On the CT detectors end, some of the latest advances include the reduction of electronic noise, improved spatial resolution, larger detector coverage, and improved scatter correction with anti-scatter grids. The latest generation of CT detectors introduced (e.g., the Stellar® and StellarInfinity detectors, Siemens Healthcare) combines the electronics of the photodiode and the analog-to-digital converter into a single-integrated circuit, hence, obviating the need for analog connections. This design has a major impact on the reduction of electronic noise. At routine radiation dose levels, image noise is primarily driven by quantum with electronic noise playing a secondary role. However, when the photon flux reaching the detector is very low the electronic noise can not only dramatically increase the image noise but also cause streaking artifacts (known as “photon starvation”). Thus, the use of improved electronics for CT detectors, that minimizes electronic noise, can improve the image quality and dose efficiency in applications such as scanning morbidly obese patients [65, 66], reduced dose chest CT for lung cancer screening [48•], reduced dose CT scans for urolithiasis [67], or CT colonography [68, 69]. Furthermore, the synergistic use of IR with the Stellar detector technology also allows to decrease detector-to-detector crosstalk resulting in improved spatial resolution. This effect has been demonstrated for applications such as cardiac CT with improved depiction of coronary stents [70, 71]. Besides, the use of detectors with reduced electronics noise, in conjunction with additional high-resolution combs which are mechanically placed in front of the detectors, allow further improvements in spatial resolution that have been demonstrated for applications such as temporal bone imaging [72, 73].
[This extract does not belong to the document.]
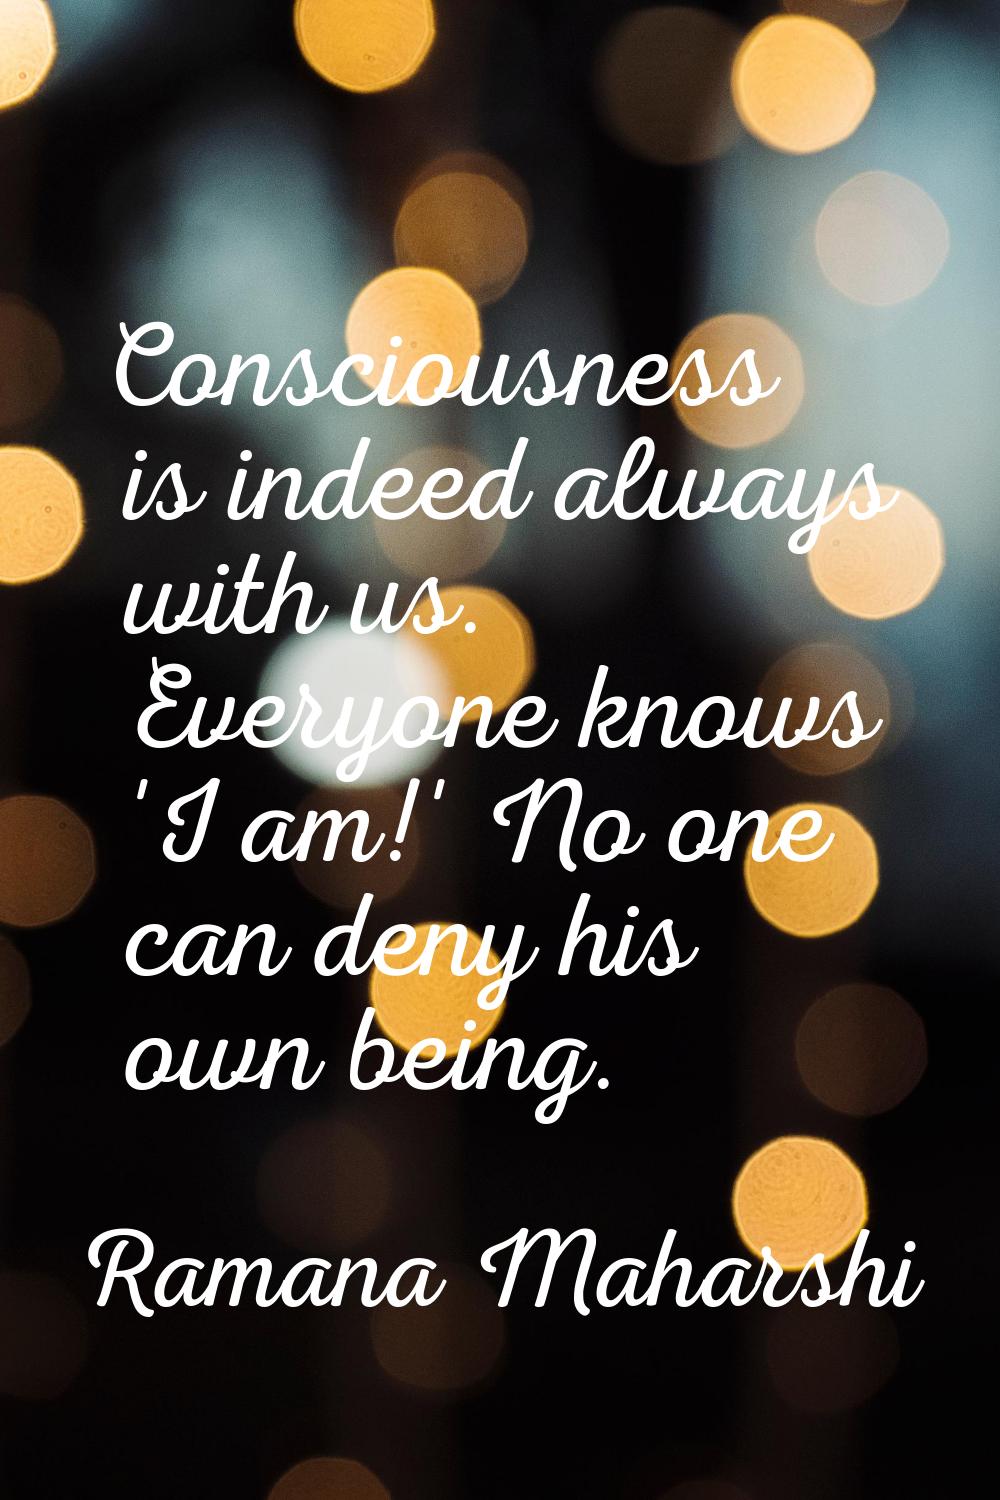 Consciousness is indeed always with us. Everyone knows 'I am!' No one can deny his own being.
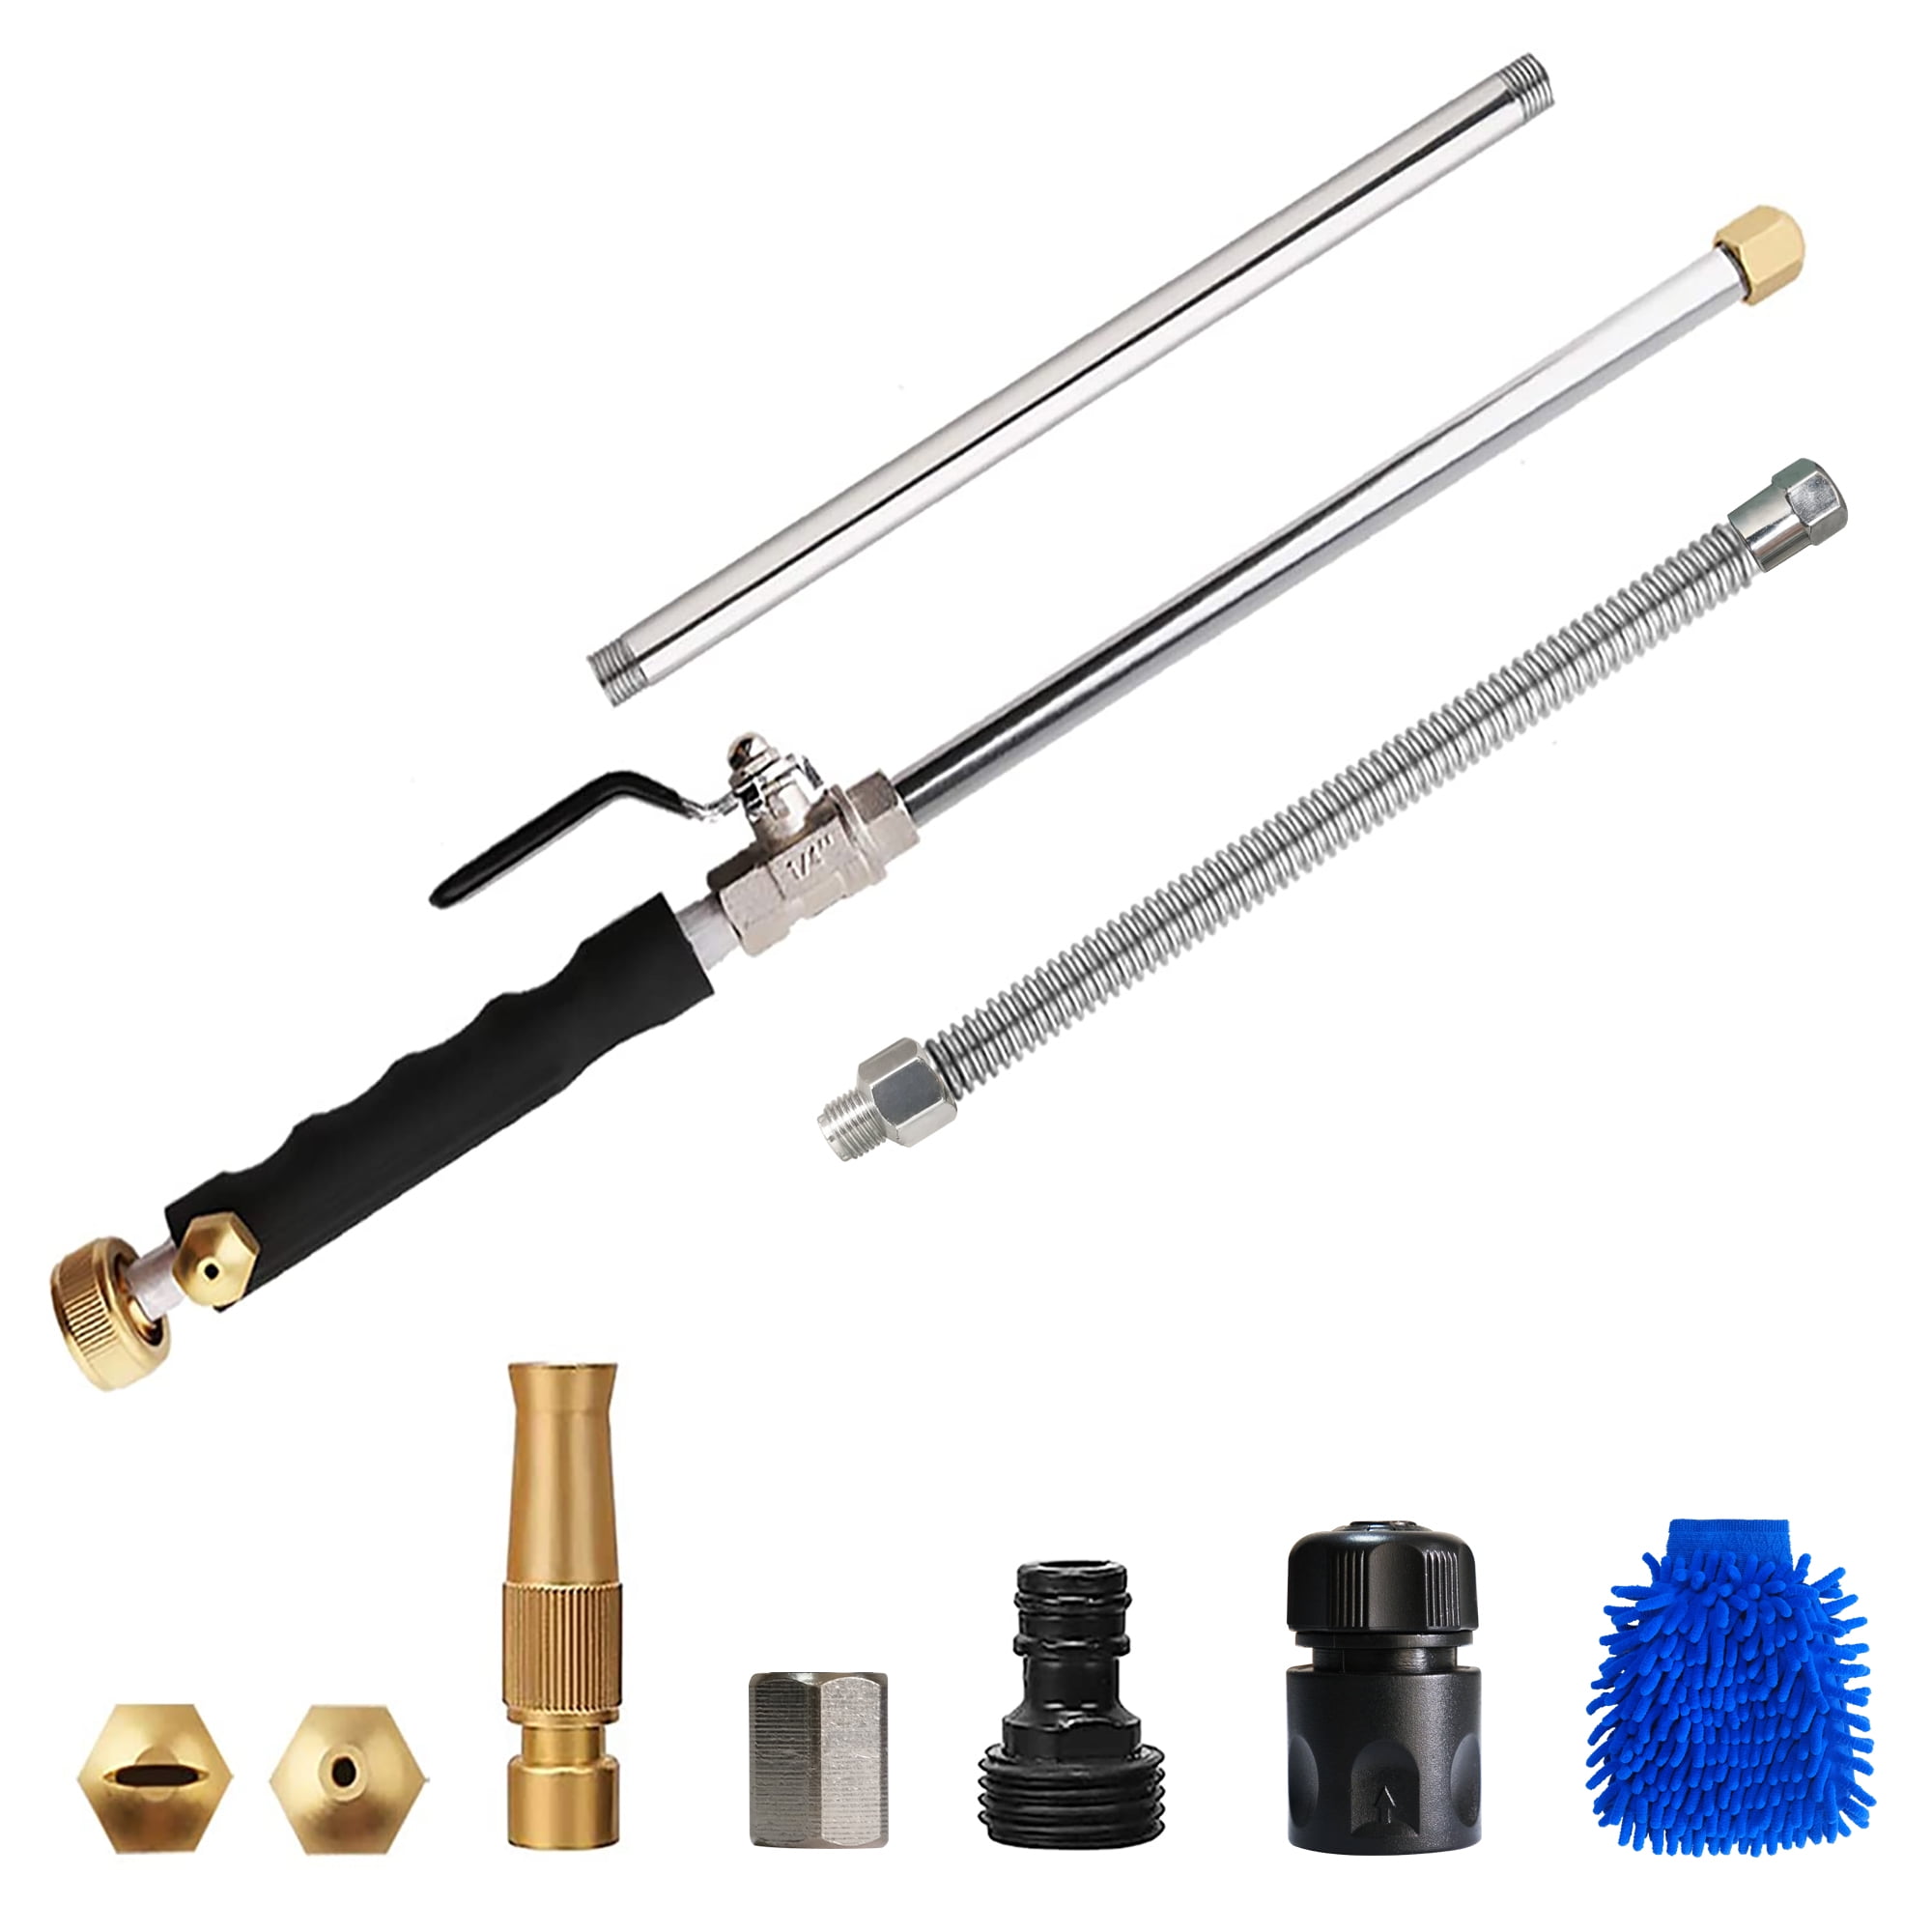 2-In-1 Hydro Jet High Pressure Power Washer Spray Nozzle Gun Water Hose Wand US

The availability of systems with wider detectors (cone-beam >4 cm) in conjunction with a high rotation speed enables a faster CT acquisition in combination with dual-source CT technology [74] or very wide CT detectors with geometries of up to 320-detector rows [75]. However, wider cone-beam systems are more prone to scatter radiation which may impact low-contrast CT applications. To compensate for this potential negative effect in image quality, various CT manufacturers have introduced more advanced anti-scatter grids, instead of traditional one-dimensional anti-scatter grids [76]. For example, the detector module of the Somatom Force, which covers approximately 6 cm in the z-axis, is coupled with an advanced anti-scatter grid that blocks scattered photons more efficiently and, hence, substantially improves the low-contrast detectability, especially in combination with IR (ADMIRE). This effect has been demonstrated in a recent study in an adult population undergoing abdominal portal-venous CT examinations [49].

Conclusion

The new CT technologies such as the automated selection of the tube current and the tube potential as well as IR are powerful tools for optimization of CT protocols. A combination of these three technologies can help substantially reduce radiation dose while maintaining image quality. More importantly, this combined approach offers an opportunity to tailor the CT exam to each individual patient and to each specific diagnostic task. These technologies are further enhanced by the continuous progress in CT hardware: X-ray tubes, CT detectors, and other components. The novel approaches such as dual-energy CT and ultra-low dose scanning with the selective photon shield present new exciting opportunities for radiation dose reduction with maintained image quality. Finally, it is very important to highlight the vital role that radiologists, CT technologists, and medical physicists have in this arena; it is essential that they are familiar with the development of new technologies available in CT scanners such that these can be effectively used to improve care for patients by providing individualized CT examinations that consistently use low radiation dose while achieving reliable diagnostic image quality.